I just got back from casting my early vote – and despite my longstanding loathing for her war hawkishness, her punitive opposition to drug legalization, her support for the surveillance state and sundry other things, I metaphorically held my nose and literally voted for Hillary Clinton. Which in turn inspired some outraged outbursts from some of my online acquaintances: how can you vote to maintain the corrupt status quo? Support the two-party duopoly? Continue a Clinton dynasty? Back the continuation of America's endless drone warfare? And other things which a President Hillary Clinton would undoubtedly do.
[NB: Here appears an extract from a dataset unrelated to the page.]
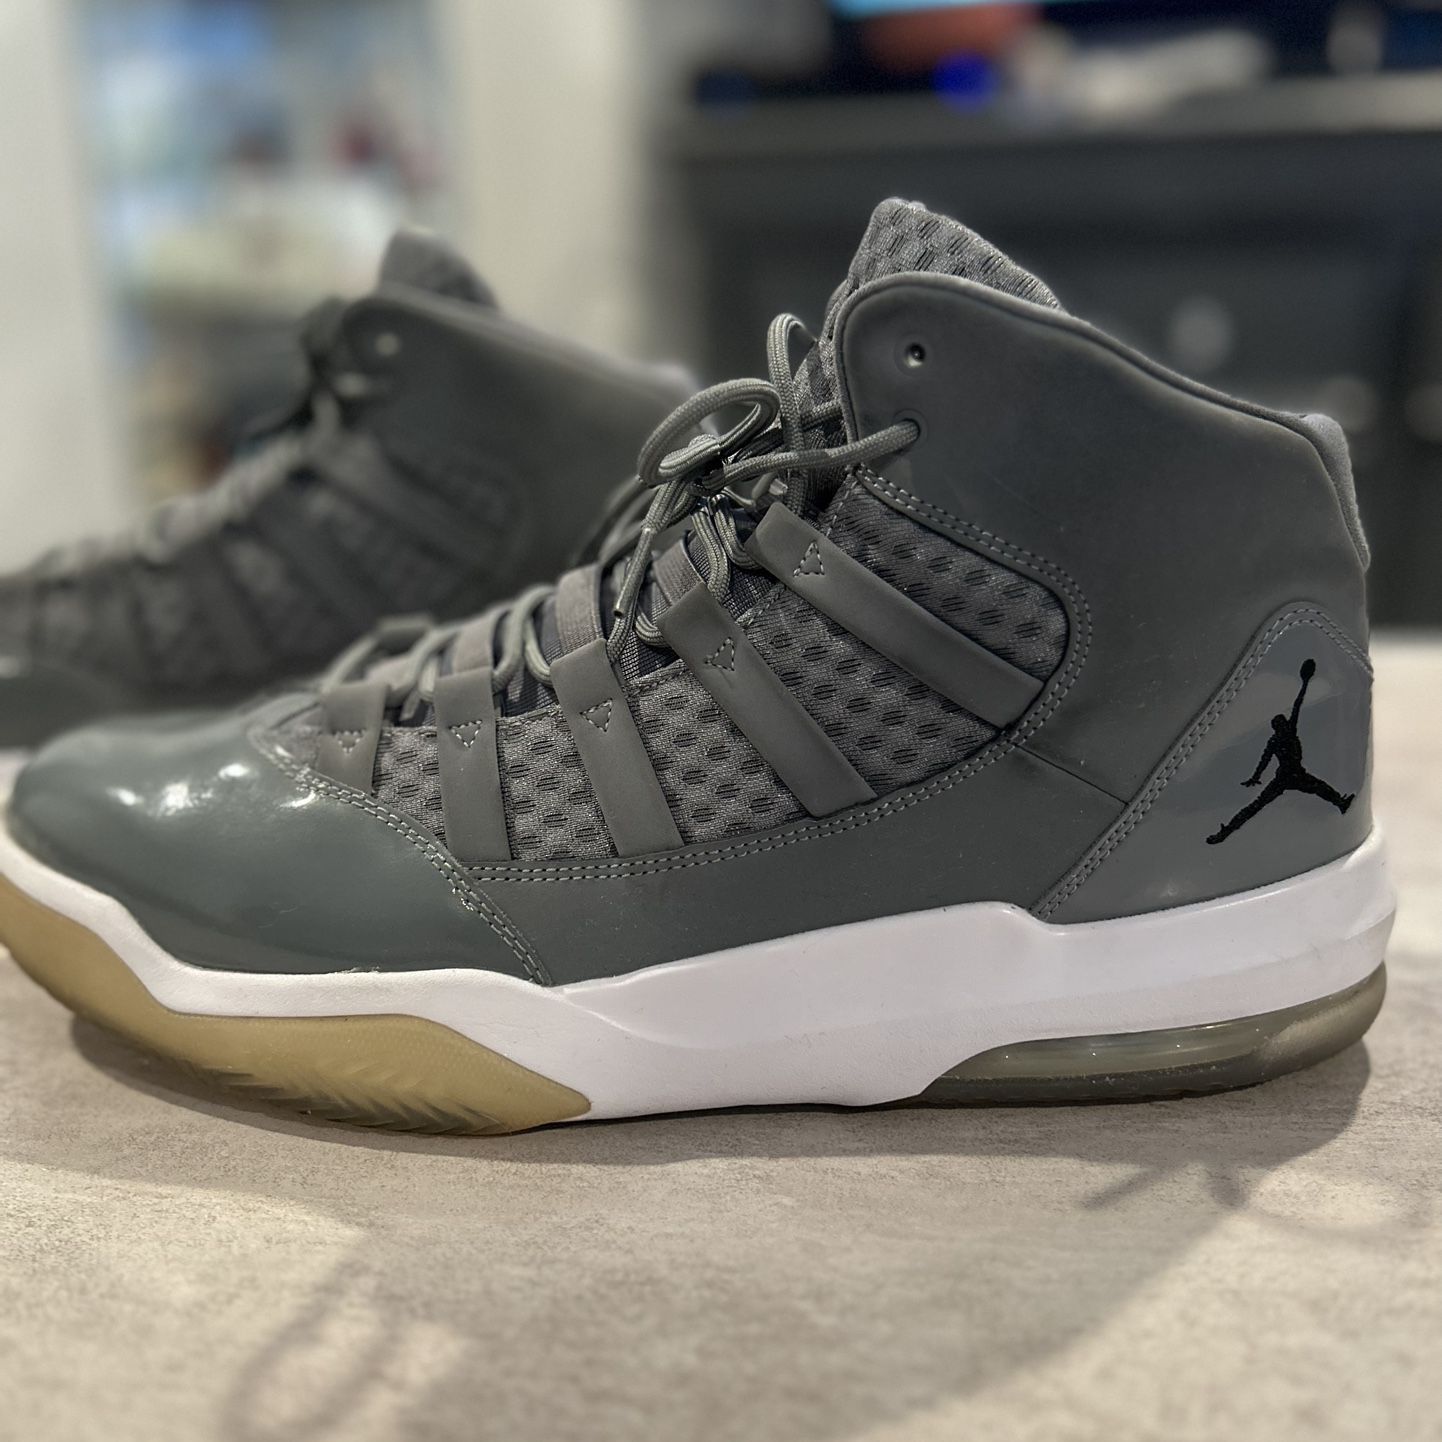 Nike Jordan Max Aura “Cool Grey” Size 13
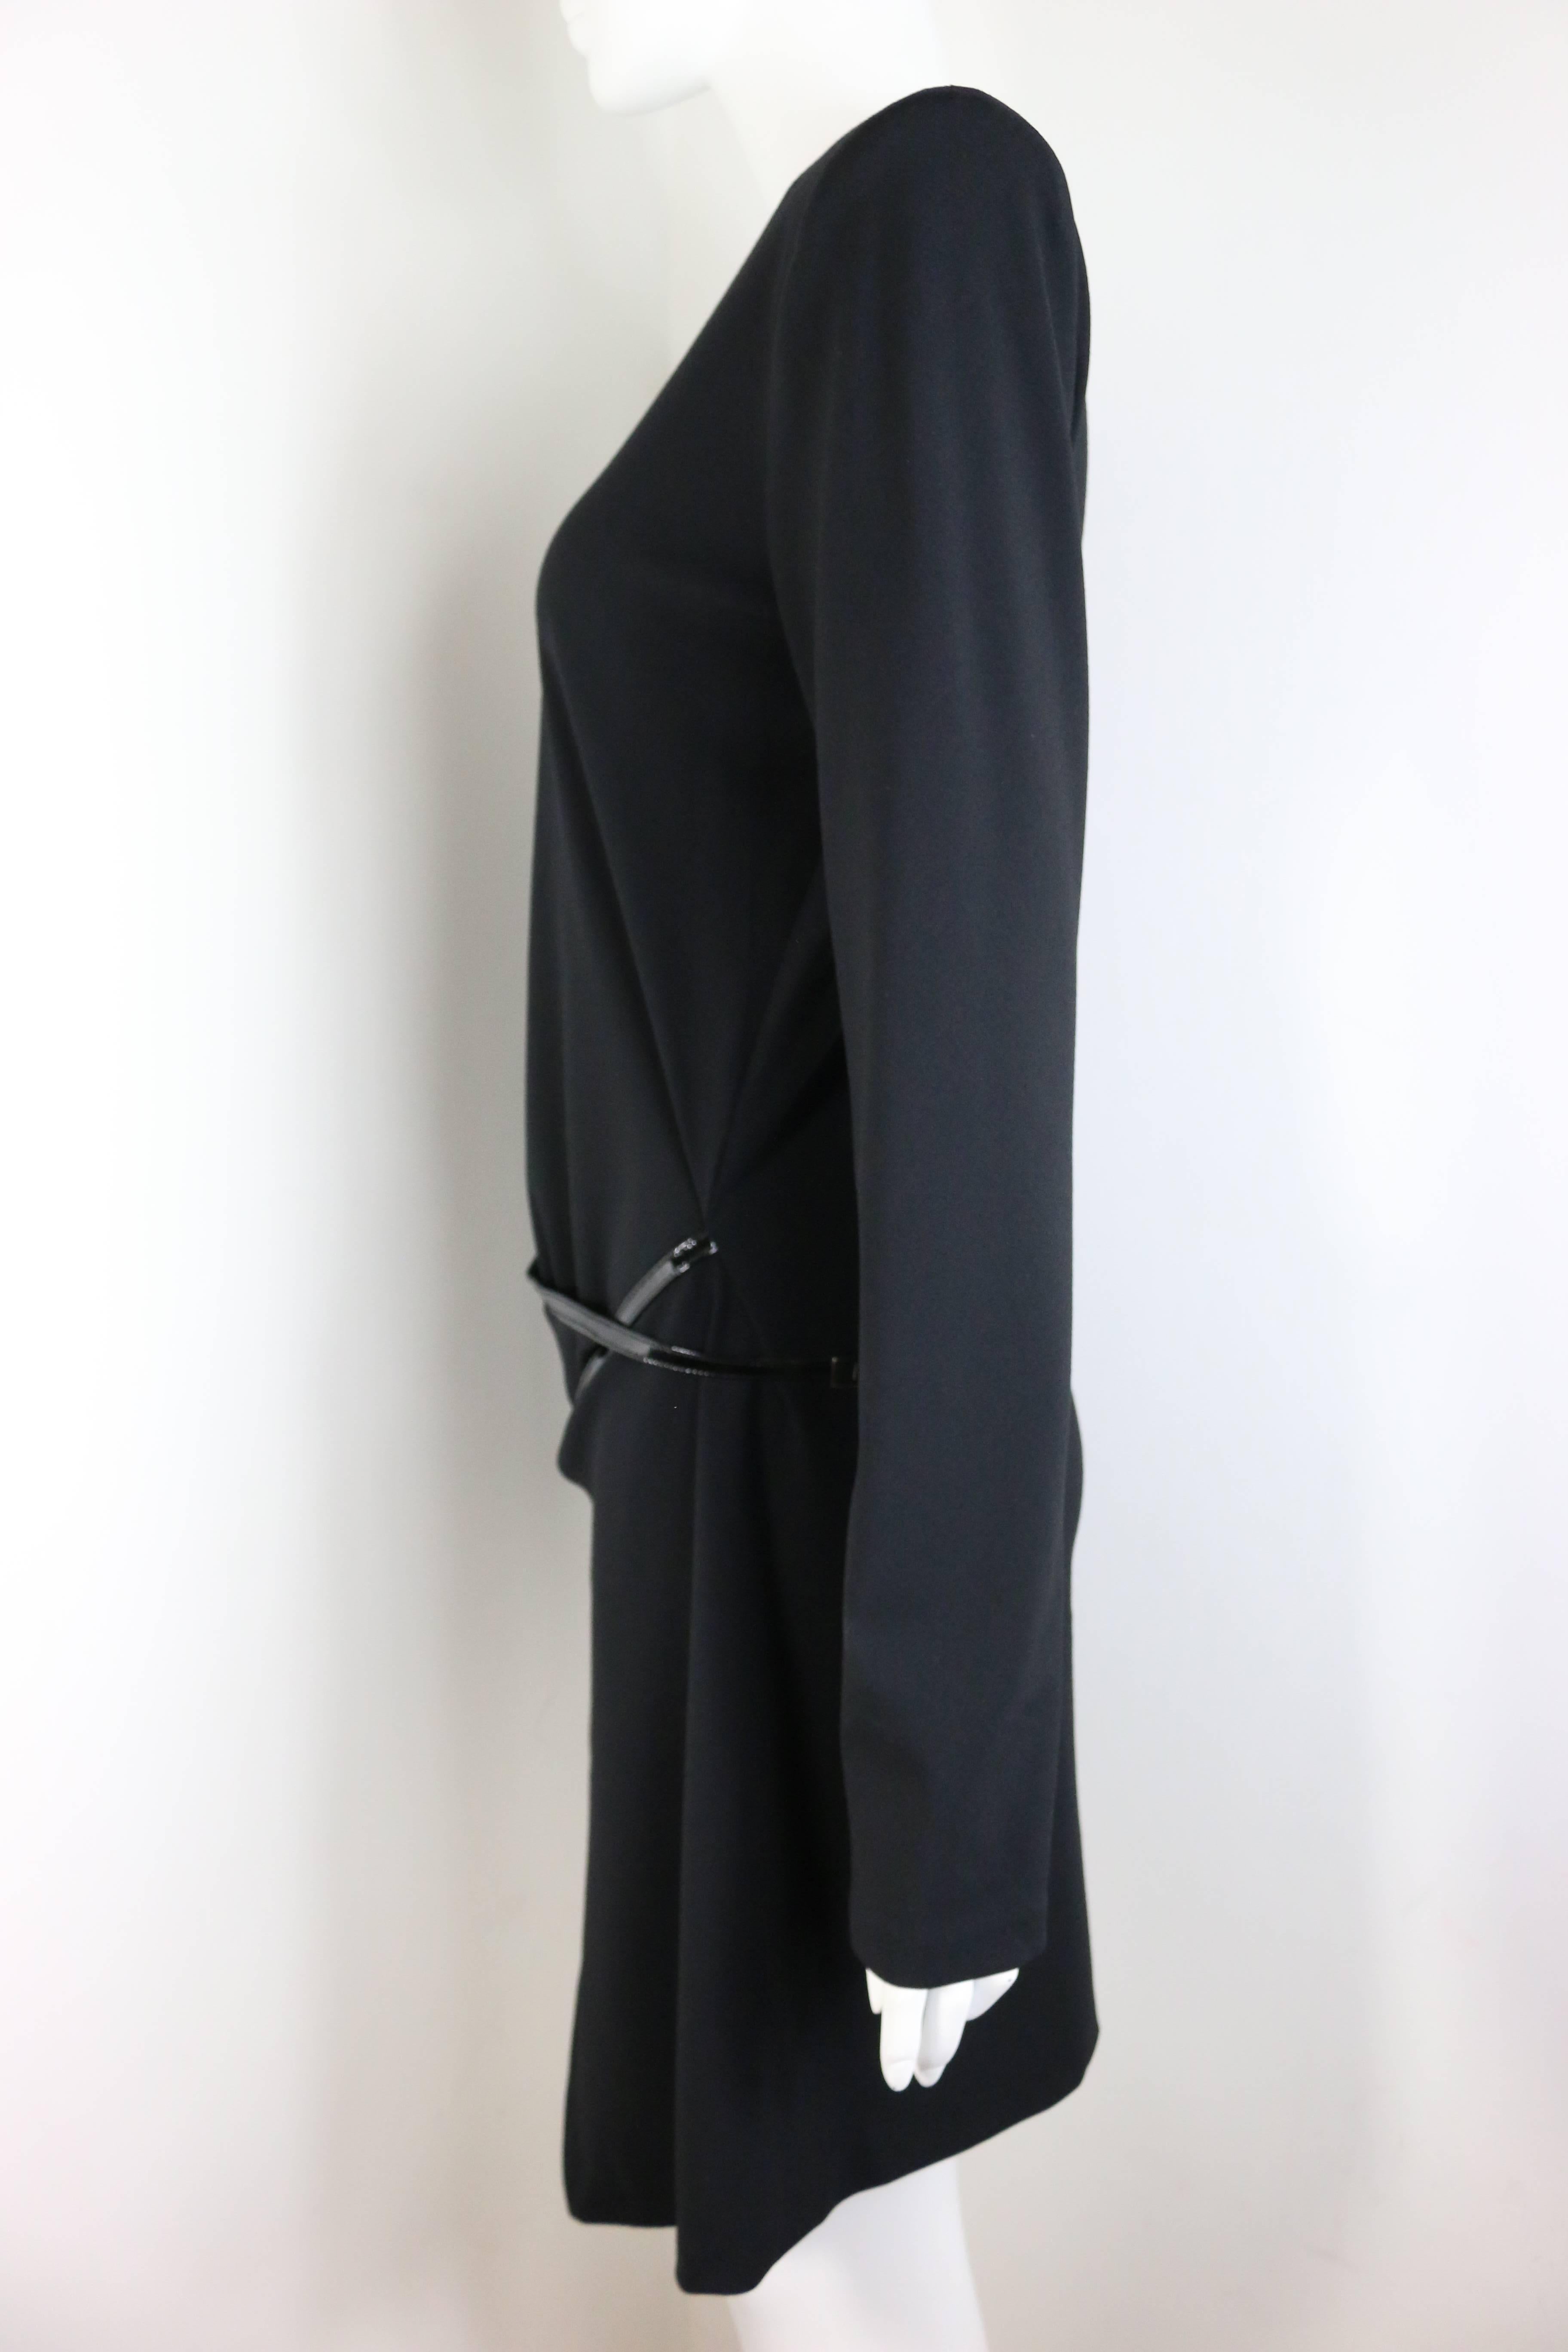 Noir Gucci By Tom Ford - Mini robe noire en vente

Granted, my own political leanings are softcore libertarian, so what I see and read on social media are somewhat outside the norm. With that outlier status in mind – and also remembering that “the plural of 'anecdote' is not 'data'” – here's an interesting anecdote I've noticed this presidential election: of the many people who say “Trump and Clinton are equally bad, and thus the only moral voting options this year are to either vote third party or not vote at all,” they're all white and overwhelmingly male -- i.e., NOT members of any ethnic, racial, religious or gender group whom a President Trump would seek to legally discriminate against.
There are many, MANY things I dislike about Hillary Clinton -- none of the conspiratorial whargarble, but I greatly dislike her war hawkishness, her punitive views on drug legalization, and many other things -- but there's zero evidence Trump would be any improvement there. And there's one way HRC is hands-down better than Trump: she does NOT want to, for example, deport all Muslims from the country, she has NOT said that American-born citizens of Mexican ancestry are too untrustworthy to be federal judges, and so forth.
If the bigot with the bad Oompa-Loompa spray-tan were to win, and I had to say good-bye to certain dear friends (and naturalized American citizens) who are being deported because they pray to the wrong version of the Abrahamic God, I don't think those friends of mine would be much comforted by the reassurance “See this hand I'm using to wave good-bye? You'll be glad to know it's a CLEAN hand, unsullied by pulling the lever for any corrupt establishment-type.”
And that — combined with my first-time status of “voter in a battleground state” — is why I did not vote for Gary Johnson this year, as I did in 2012.